Install polylora first:

pip install polylora

PolyLoRA support lets one deployment route requests through different LoRA adapters without starting one replica per adapter. Enable it with --enable-polylora or GLiNERServeConfig(enable_polylora=True). The polylora package must be importable in the serving environment.

PolyLoRA is currently implemented for GLiNER text encoder models.

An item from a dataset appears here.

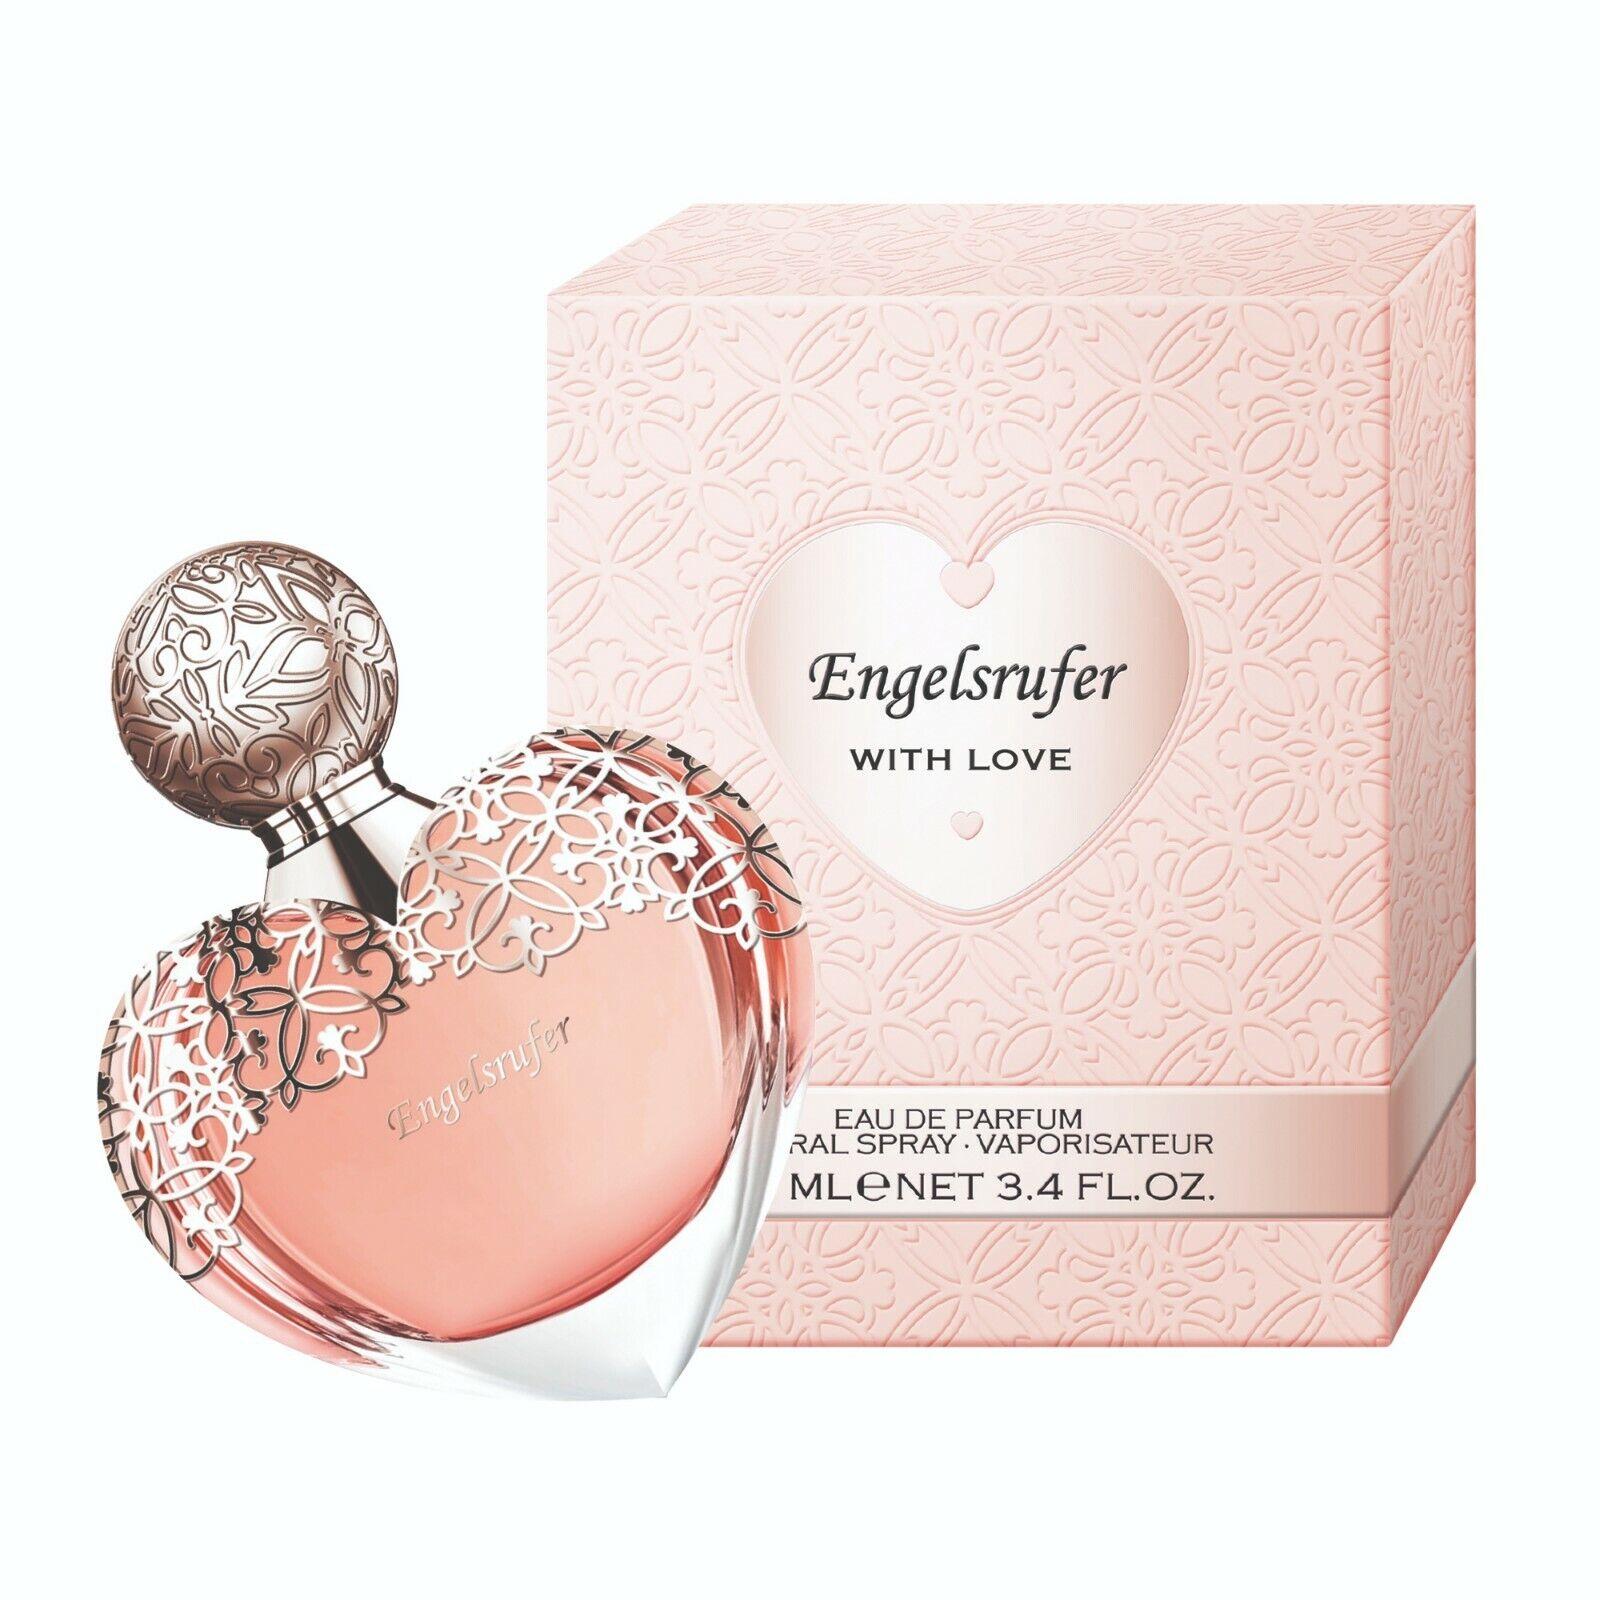 Engelsrufer With Love 100 ml Eau de Parfum EDP women Damen *B-WARE*
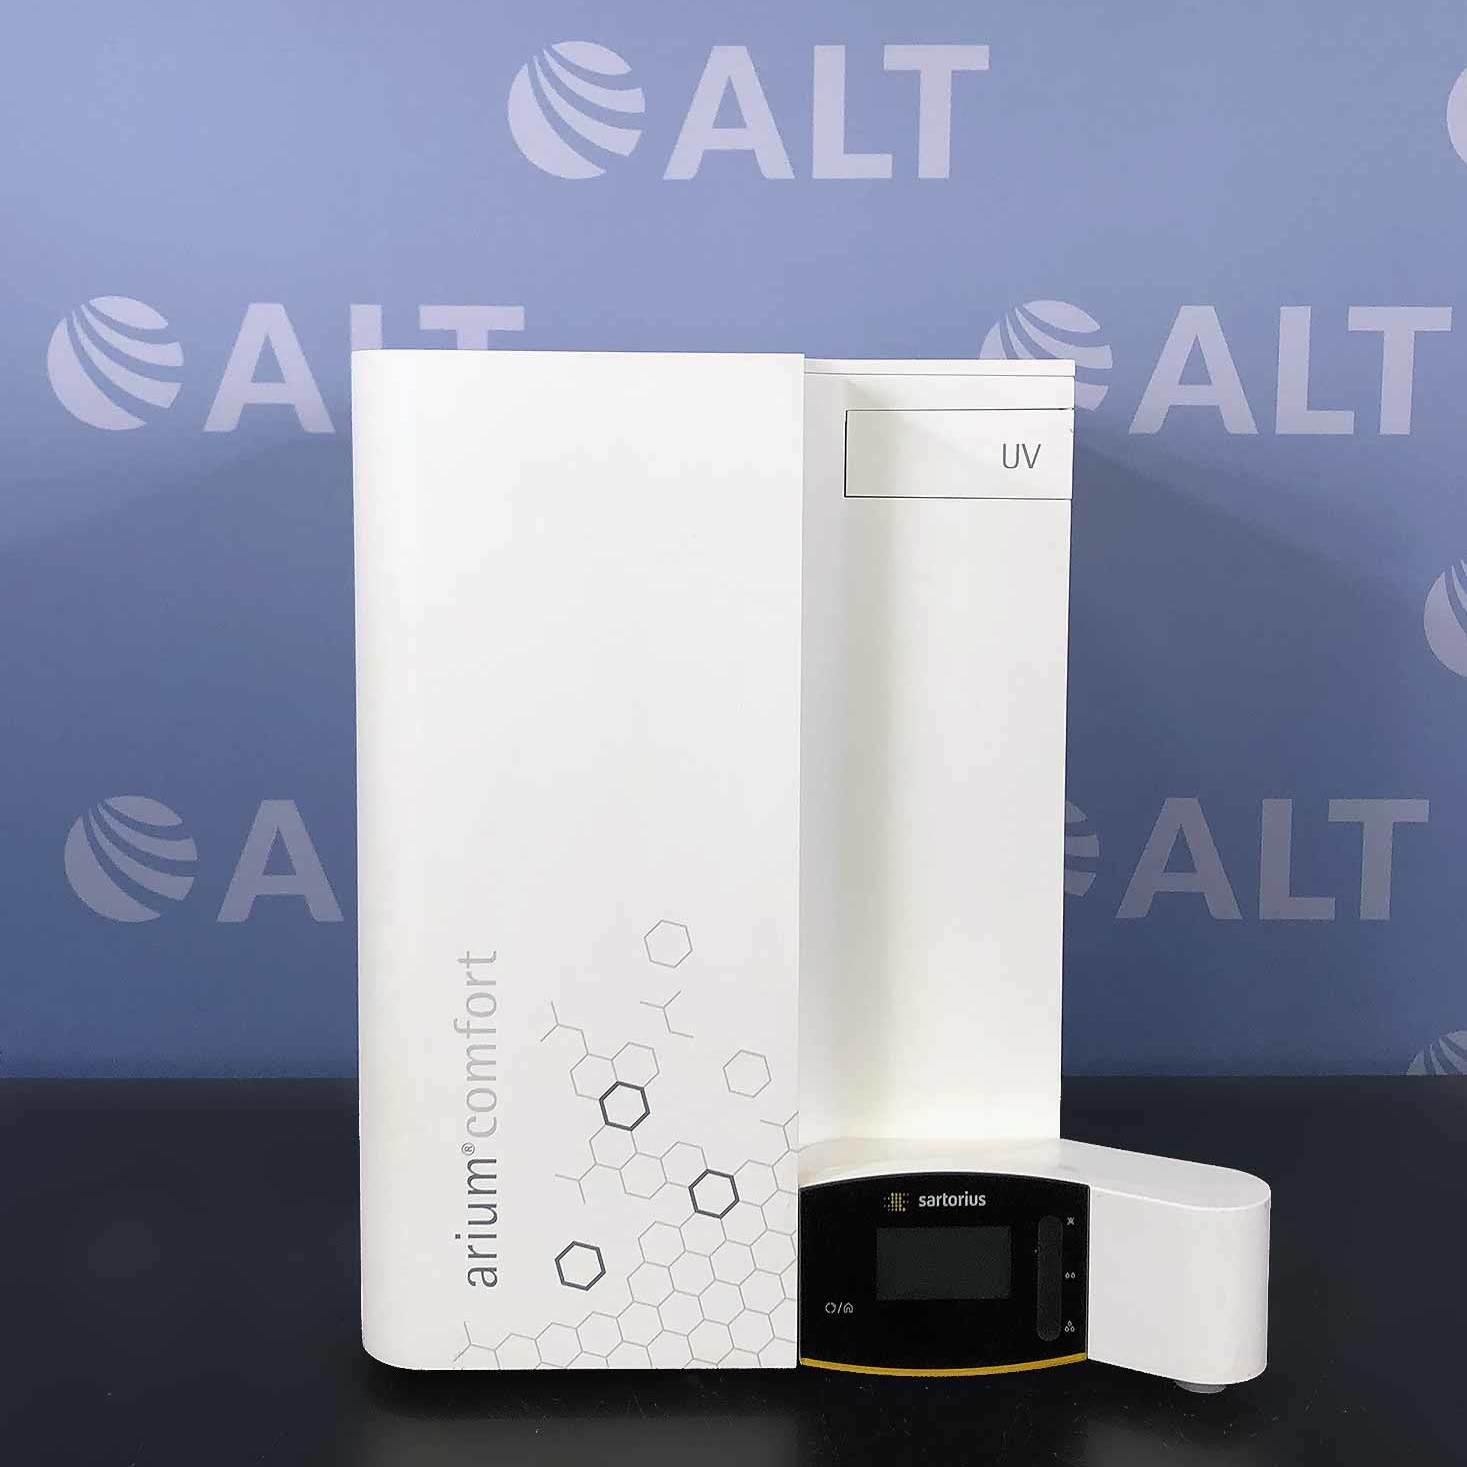 H2O-I-1-UV-T Arium Comfort I Ultrapure Water System Name

During startup, the server wraps model.model.token_rep_layer.bert_layer.model with PolyLoraModel; architectures without that path raise NotImplementedError.

Start with PolyLoRA¶

python -m gliner.serve \
    --model urchade/gliner_small-v2.1 \
    --enable-polylora \
    --polylora-max-rank 16 \
    --polylora-max-gpu-adapters 8 \
    --polylora-max-cpu-adapters 128 \
    --polylora-disk-cache-dir /models/polylora-cache

Use --polylora-adapter-weight-modules when your adapter weights target a specific set of module names:

python -m gliner.serve \
    --model urchade/gliner_small-v2.1 \
    --enable-polylora \
    --polylora-adapter-weight-modules query,value

Select an adapter per request¶

Pass adapter_id in Python or HTTP requests. If adapter_id is omitted while PolyLoRA is enabled, the request uses polylora_base_adapter_id (default: "__base__"), which means base-model inference.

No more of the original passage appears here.